NASA’s Curiosity rover has found evidence of strong streams that once gushed across the Martian surface, mission scientists said Thursday.
Curiosity landed in Gale Crater on Aug. 5. But now, less than a couple of months into the Mars Science Laboratory’s two-year mission, the Red Planet rover used its Mast Camera to examine rocks on its way to Glenelg Intrigue. Glenelg has caught scientists’ eyes because the odd spot serves as a junction between three different types of terrain.
The two outcrops in between, named Link and Hottah, have provided some exciting results in the meantime. The mission’s head scientist, Caltech geologist John Grotzinger, described the outcrop at Hottah as a raised cement section in a ”jackhammered urban sidewalk,” possibly caused by an impact on the surface.
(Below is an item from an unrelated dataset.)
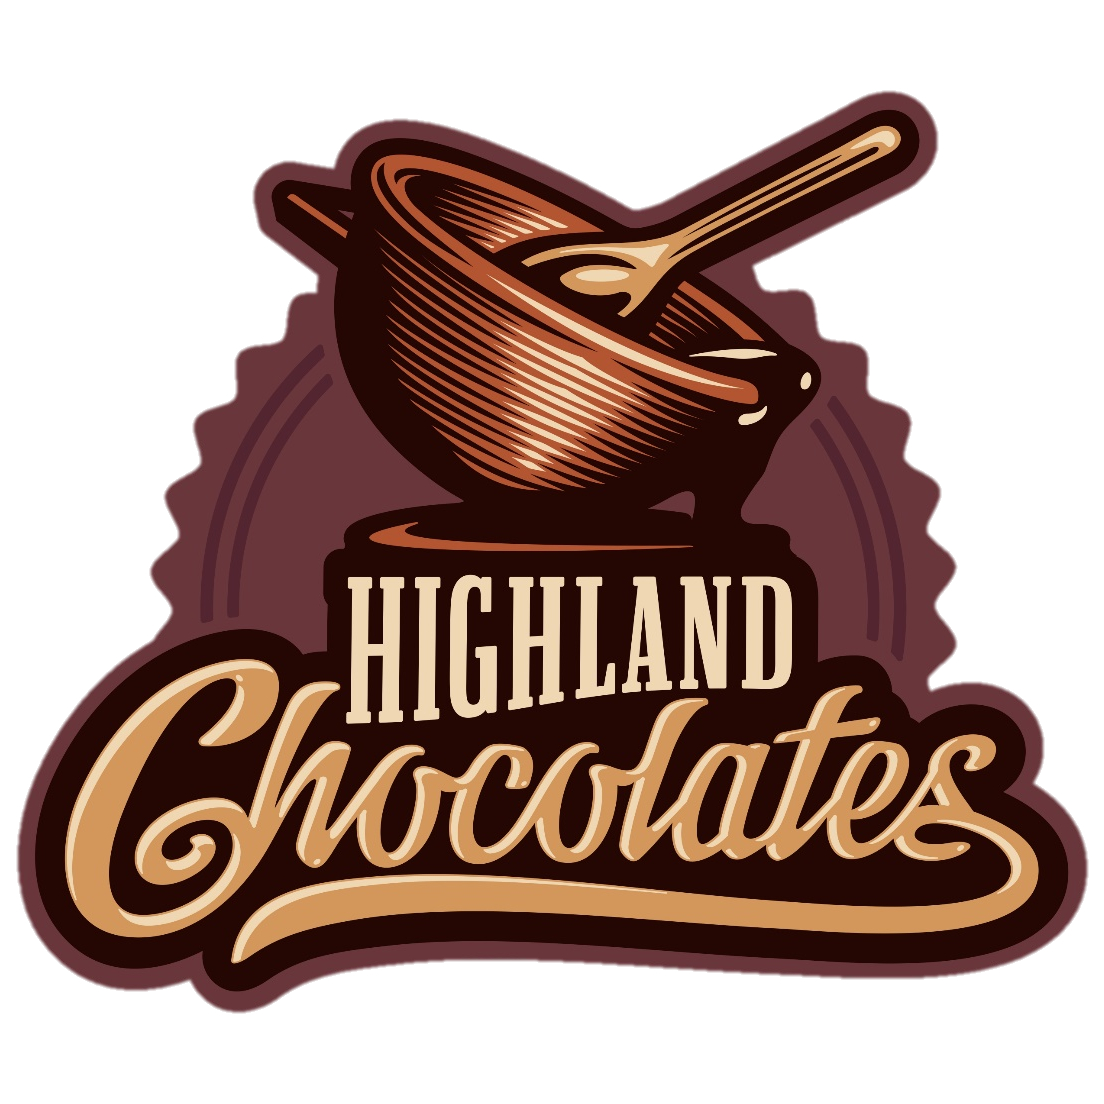 Highland Chocolates

The telltale rocks are made of sandy rock riddled with large pebbles. The shape of those pebbles tells the scientists that the rocks must have traveled a long way, bumping into each other and smoothing out the rough edges. The relatively large size of many of those stones – some the size of a golf ball – tells them that water, not wind, must have carried them.
Such rocks could have traveled 20 to 25 miles and started out rough and blocky, big as a football, before being ground down to their current size, the scientists said.
“This is a rock that was formed in the presence of water, and we can characterize that water as being a vigorous flow,” Grotzinger said.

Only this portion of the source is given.